Domestic demand and investment fuel expansion

Beyond agriculture, vibrant consumer spending and robust investment activity propelled economic performance. Supported by a low inflation rate of 0.4% in September, remittances of MAD 81.7 billion by August, and increased consumer credit (up 3.9%), household spending remained strong.

Public investment rose 3.3% to MAD 73 billion by September, driving infrastructure development. Foreign direct investment surged by 43.4%, reflecting growing investor confidence, while business loans for equipment purchases grew 21.5%.

The construction sector benefited from this momentum, recording a 6.5% increase in value added and a 10.6% rise in cement sales by September. Exports also grew by 3.8%, led by phosphates (up 21.1%), agriculture, agro-industry, and aeronautics. However, imports expanded by 8.4%, widening the trade deficit by 15.5%.

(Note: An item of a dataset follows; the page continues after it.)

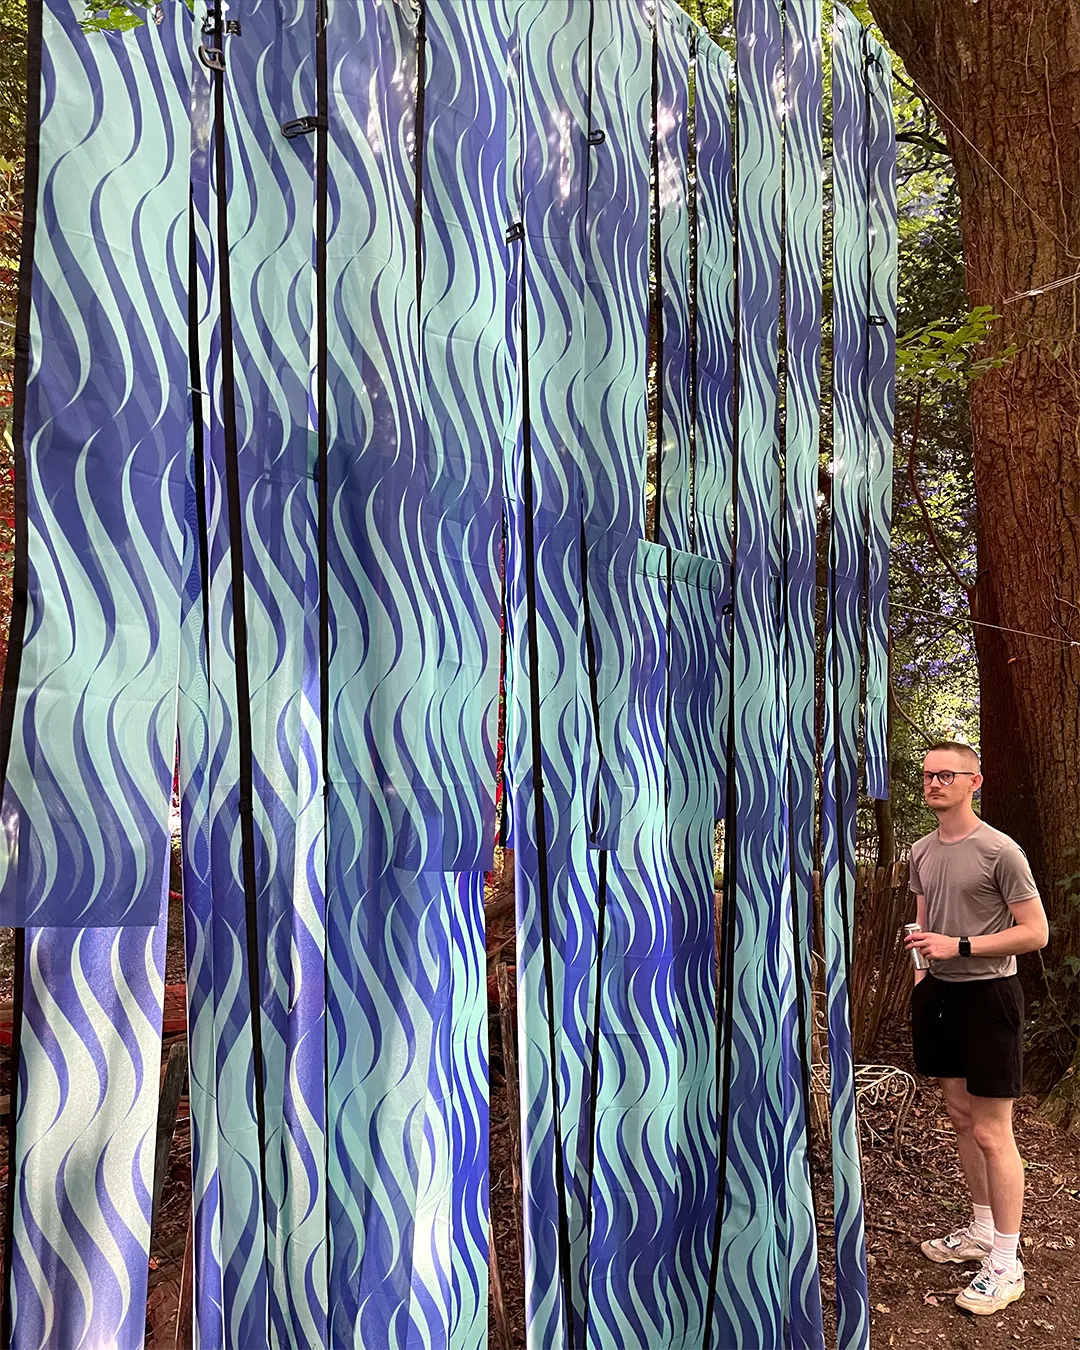 A sculpture in a forest. It is made of long strips of a repeat pattern on flag material. The repeat design is seagreen and ultramarine blue waves. A man stands to the side.
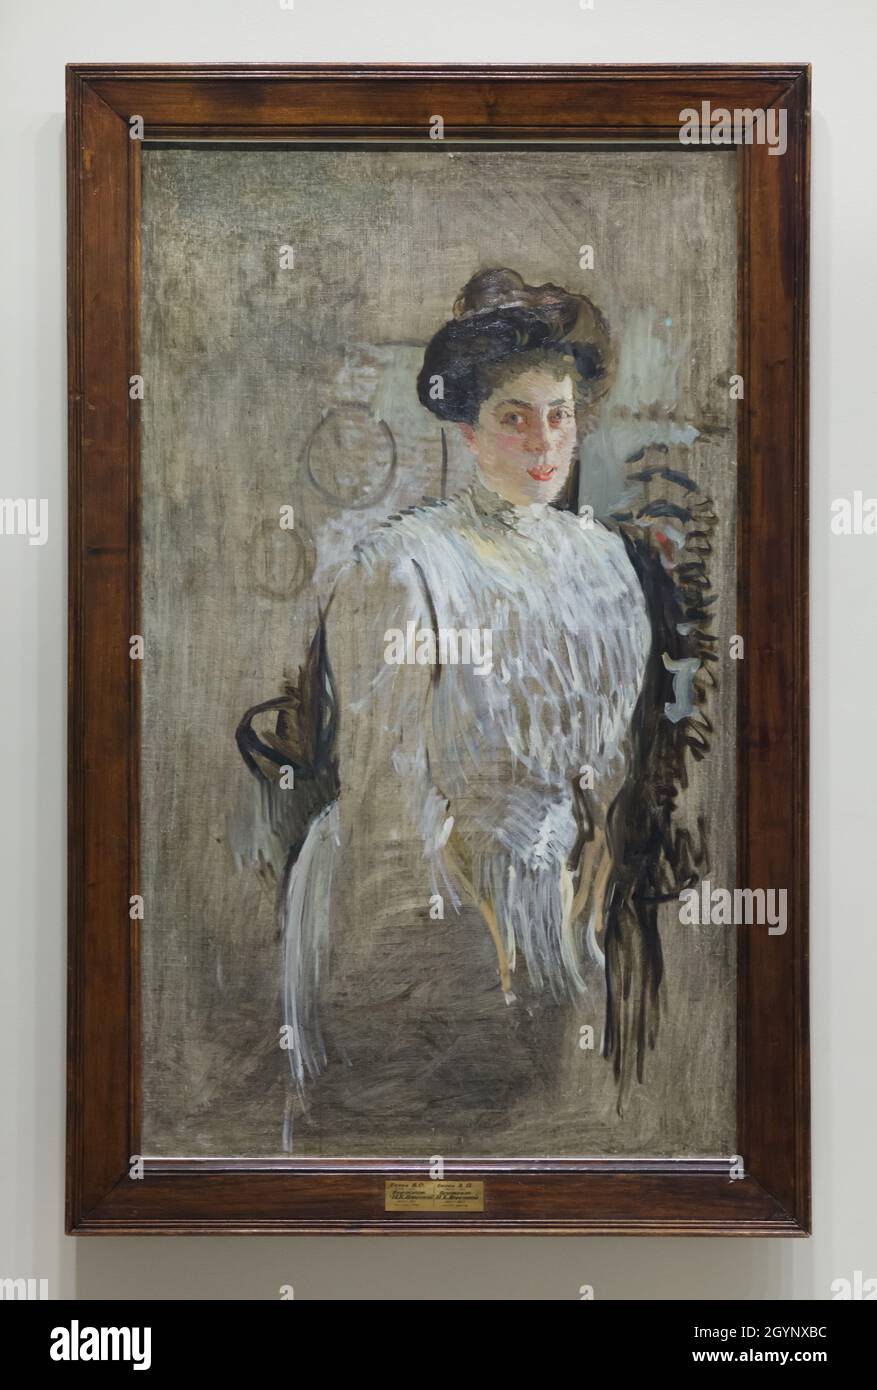 Unfinished painting 'Portrait of Margarita Kirillovna Morozova' by Russian Impressionist painter Valentin Serov (1910) on display at the exhibition 'Icons of Modern Art from the Morozov Collection' in the Fondation Louis Vuitton in Paris, France. Margarita Kirillovna Morozova, née Mamontova (1873-1958) was a wife of Russian art collector Mikhail Abramovich Morozov. The exhibition devoted to the Morozov Collection runs till 22 February 2022. Stock Photo

Challenges to sustained growth

Despite the positive trends, fiscal pressures persist. By September, the budget deficit had widened to MAD 52.8 billion, compared to MAD 35.6 billion a year earlier. Government spending rose by 17%, driven by public investments, social programs, and subsidies, while revenue increased by 12.7%.

The DEPF report highlights the need for careful fiscal and resource management. As the economy adapts to global uncertainties, long-term resilience will depend on addressing water shortages, improving climate adaptation, and maintaining balanced public finances.

A cautiously optimistic outlook

Morocco’s economy is gradually normalizing after years of disruption. Growth in agriculture, manufacturing, and tourism, up 14% in arrivals and 10% in overnight stays, has fueled optimism. Meanwhile, the Casablanca stock market surged 29% since December 2024, reflecting renewed confidence.

However, the DEPF emphasizes that Morocco’s recovery hinges on navigating external pressures and addressing structural challenges, ensuring that progress achieved in 2025 leads to sustained economic stability.